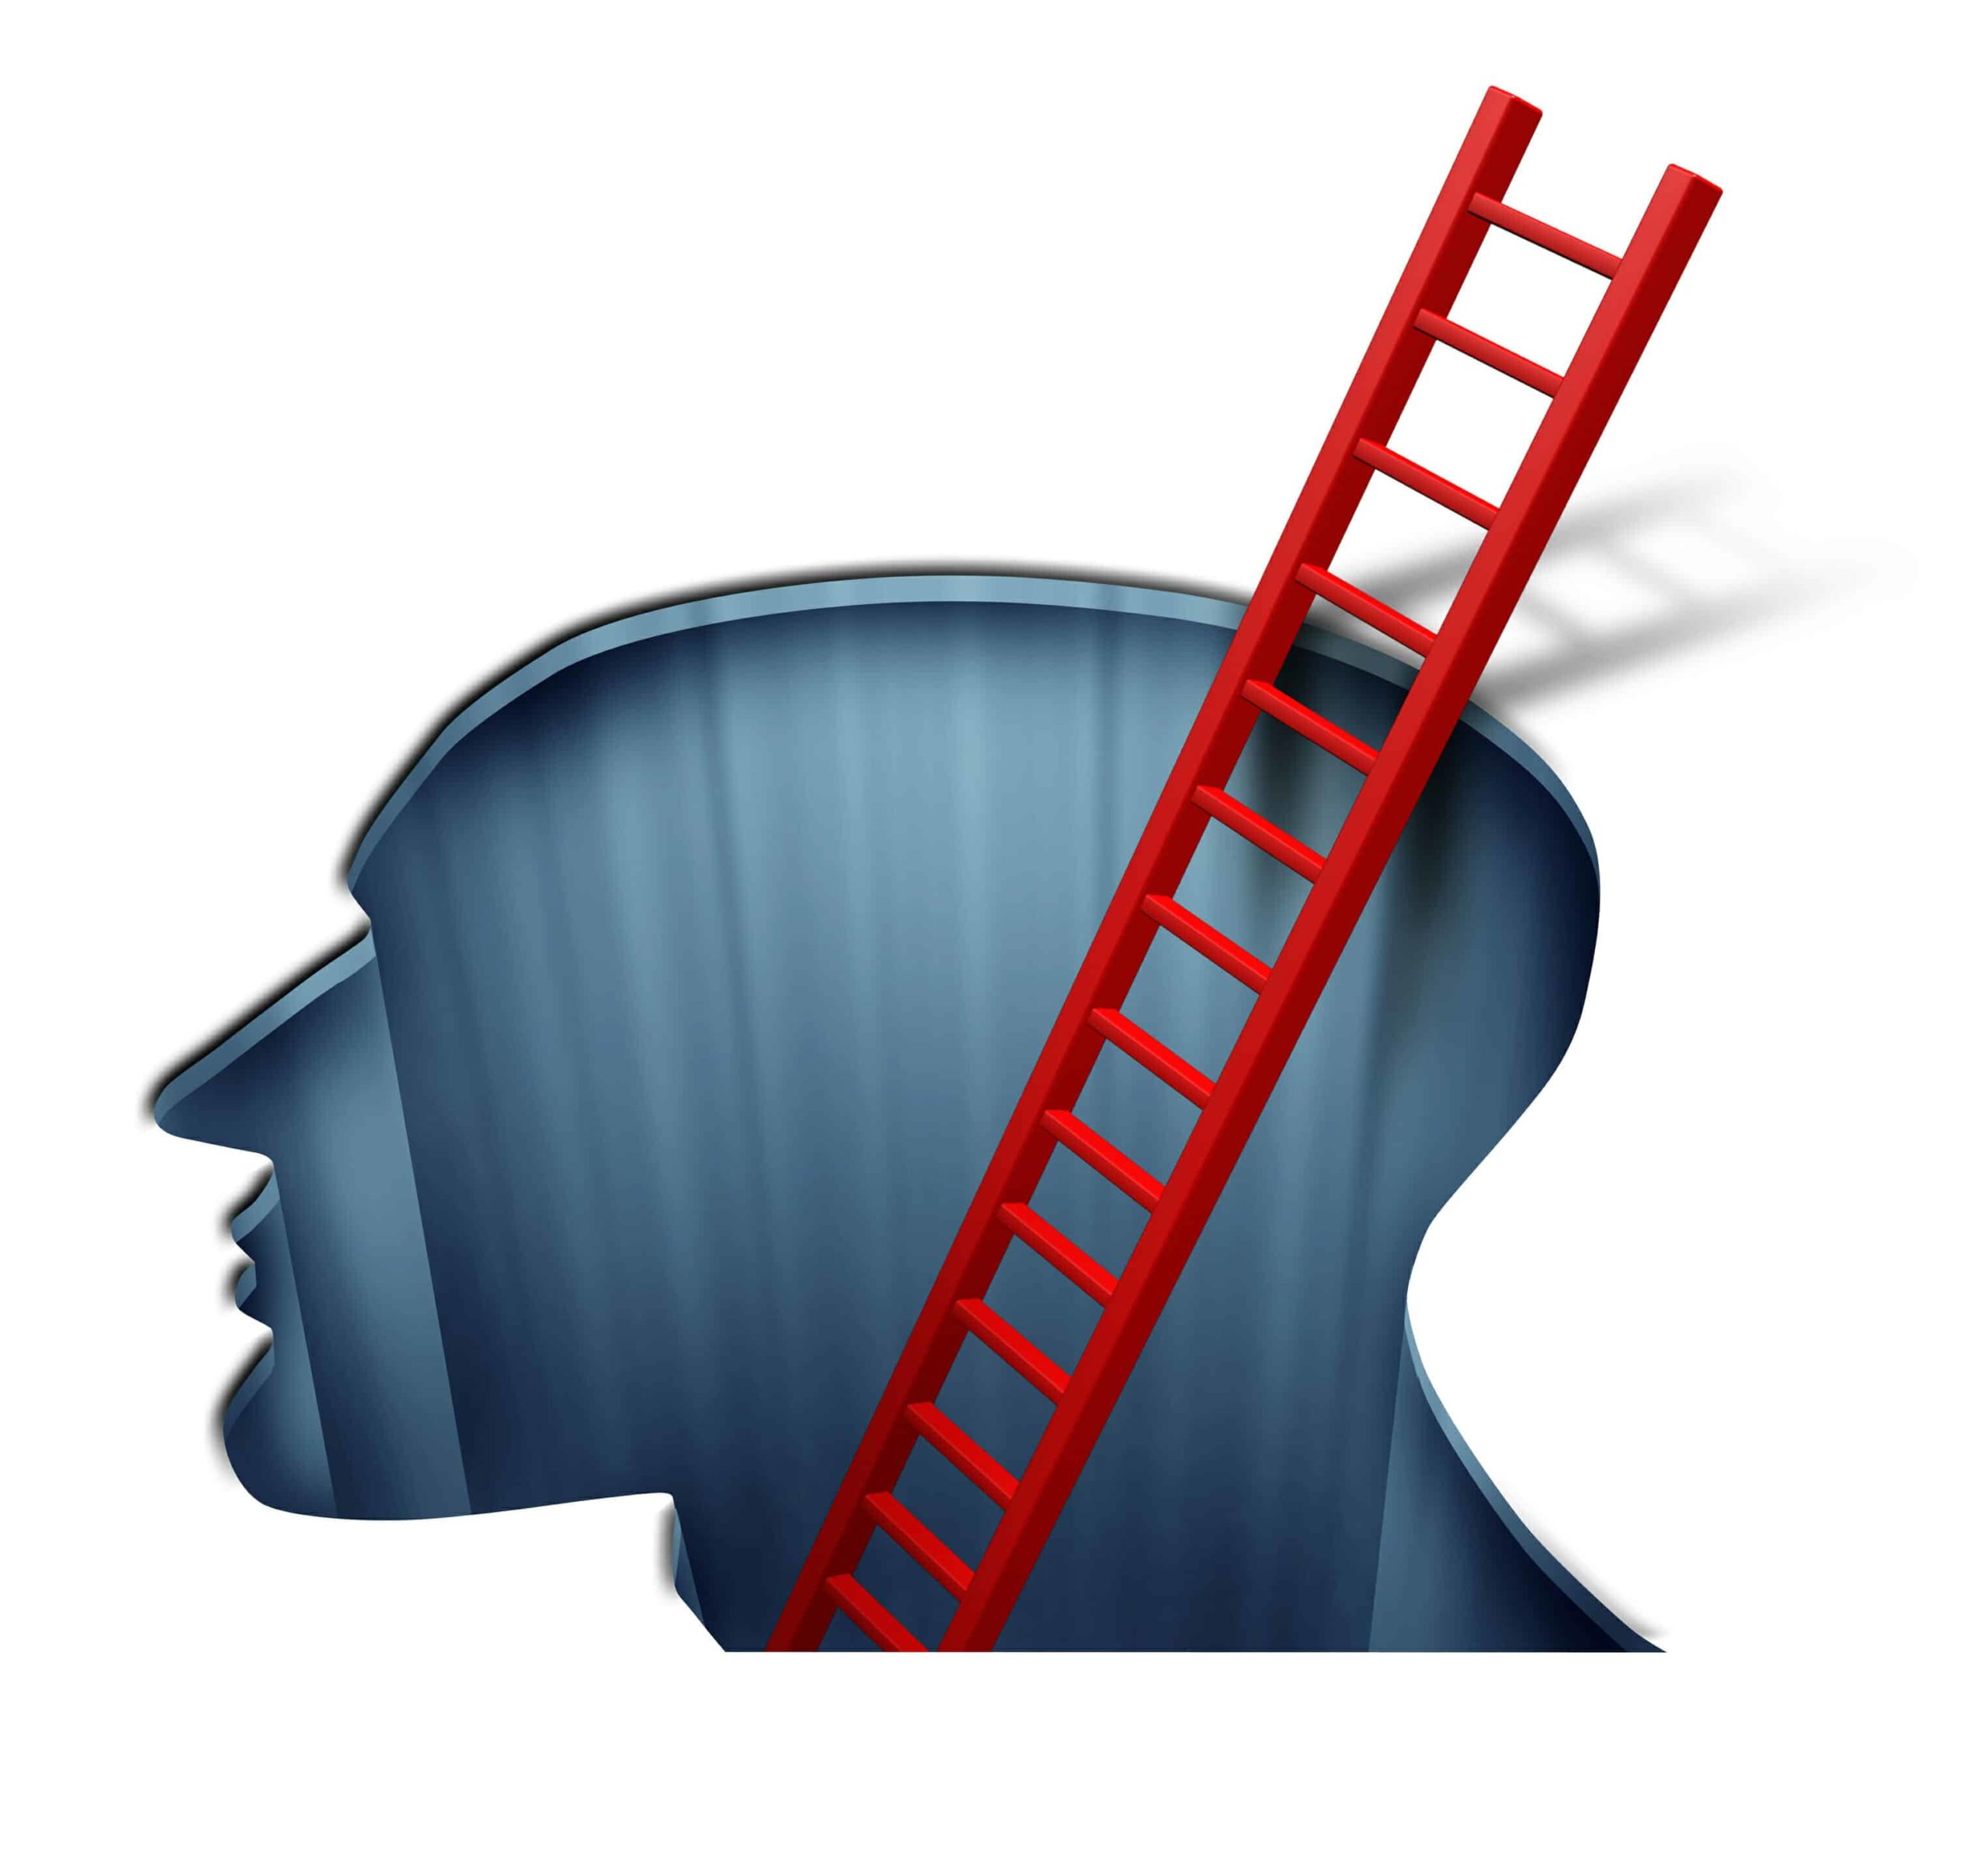 Silhouette of a head on a white background with a red ladder coming out of it.
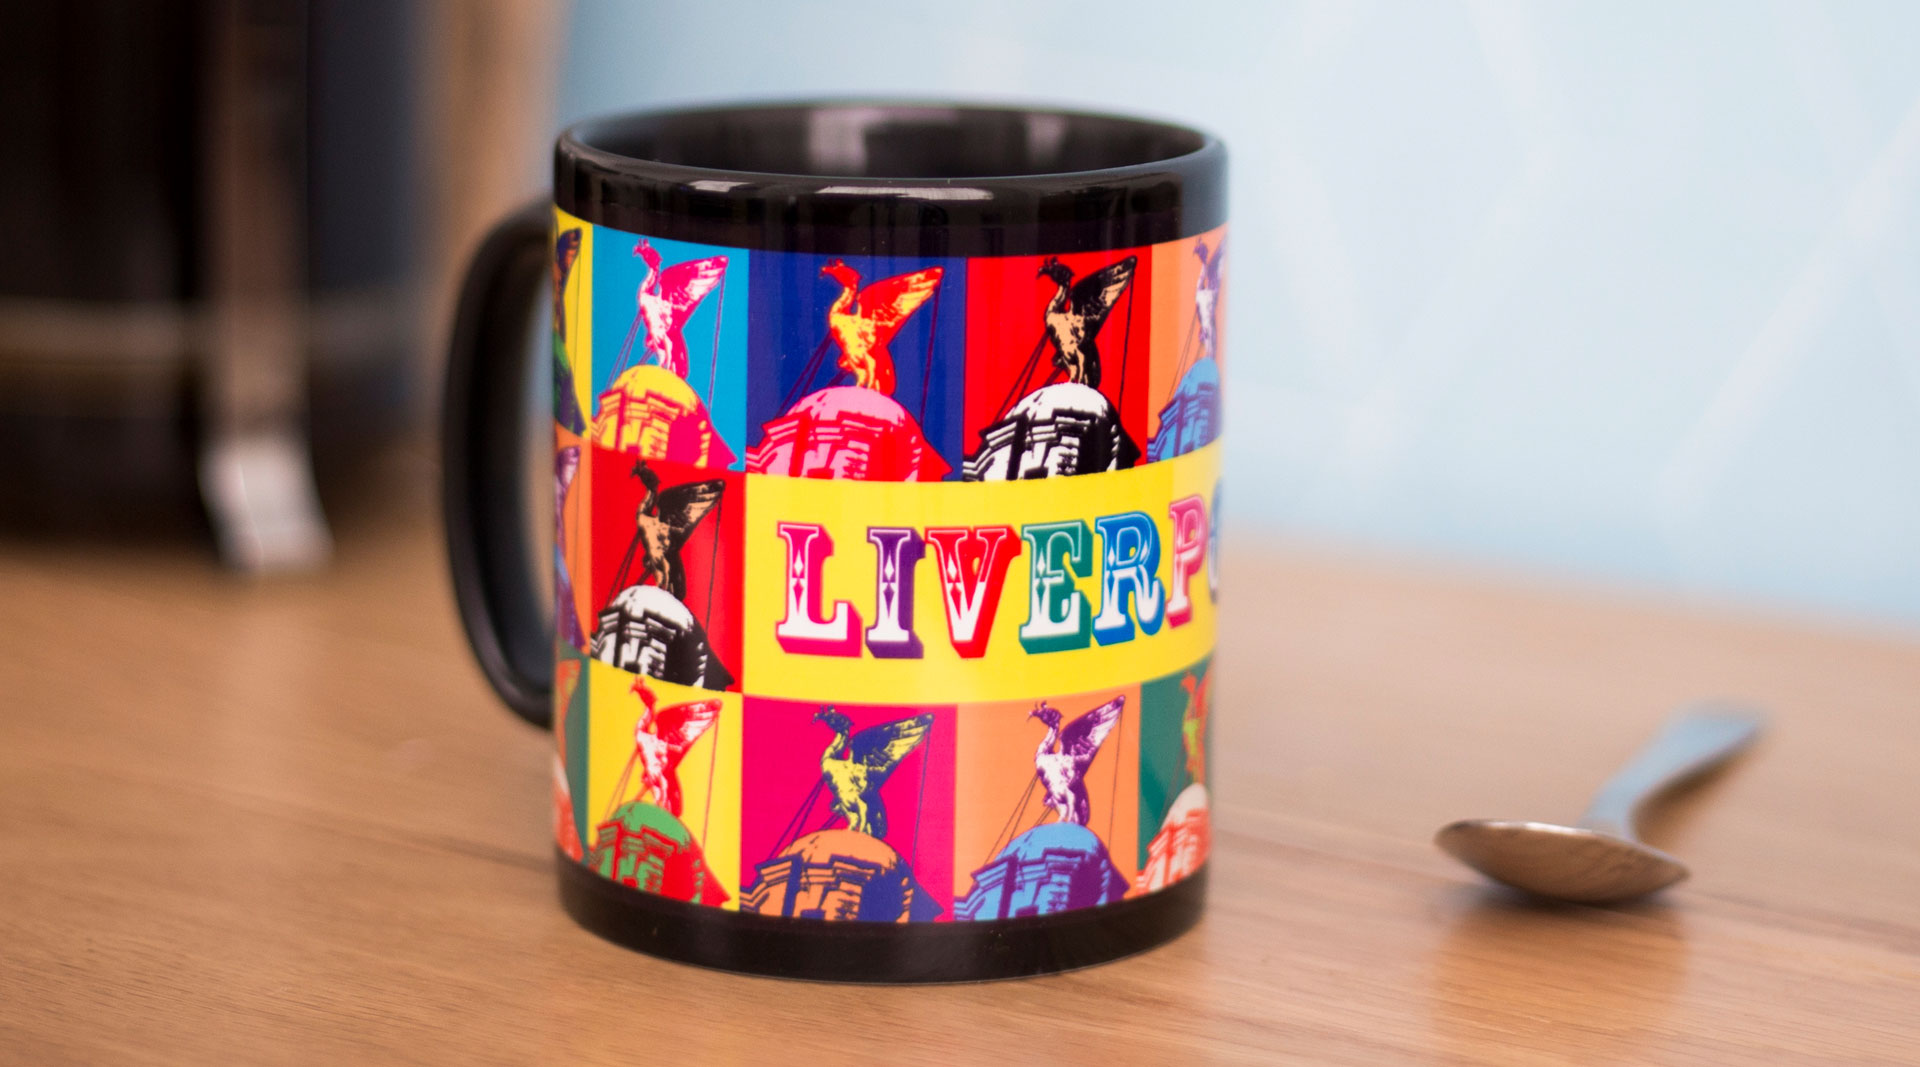 Cambridge dye-sublimation printed promotional mug from Prince William Pottery
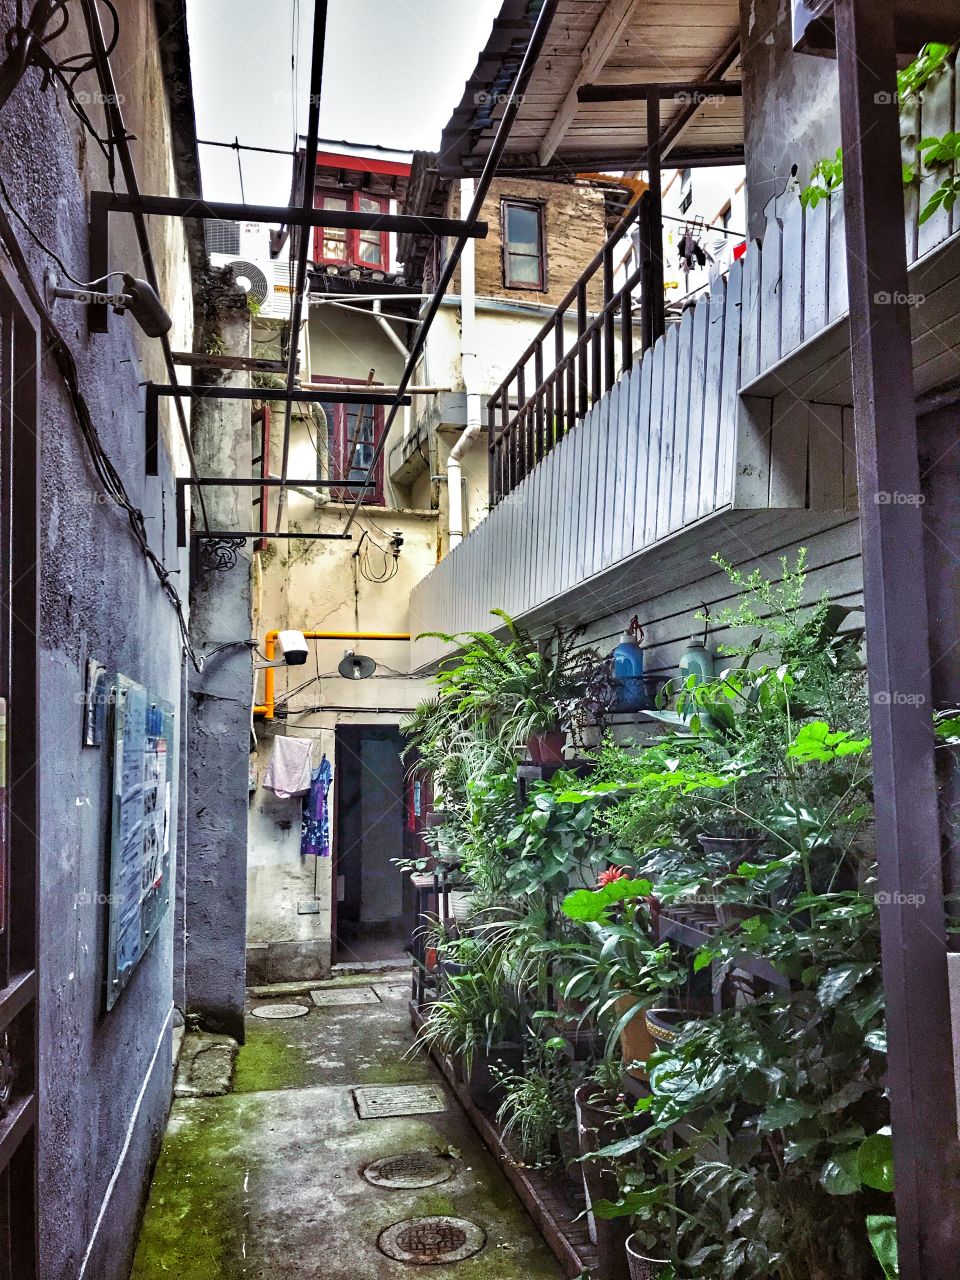 Shanghai evening - walking in the Changle Road area in Puxi - exploring the rich architectural heritage

==================================================

What is being asked
Copy only the lines running from the one that holds "Cambridge dye-sublimation printed" through the last line of the data, and include both of those lines. Do not copy any pictures.

Output for this task
 Cambridge dye-sublimation printed promotional mug from Prince William Pottery
 Shanghai evening - walking in the Changle Road area in Puxi - exploring the rich architectural heritage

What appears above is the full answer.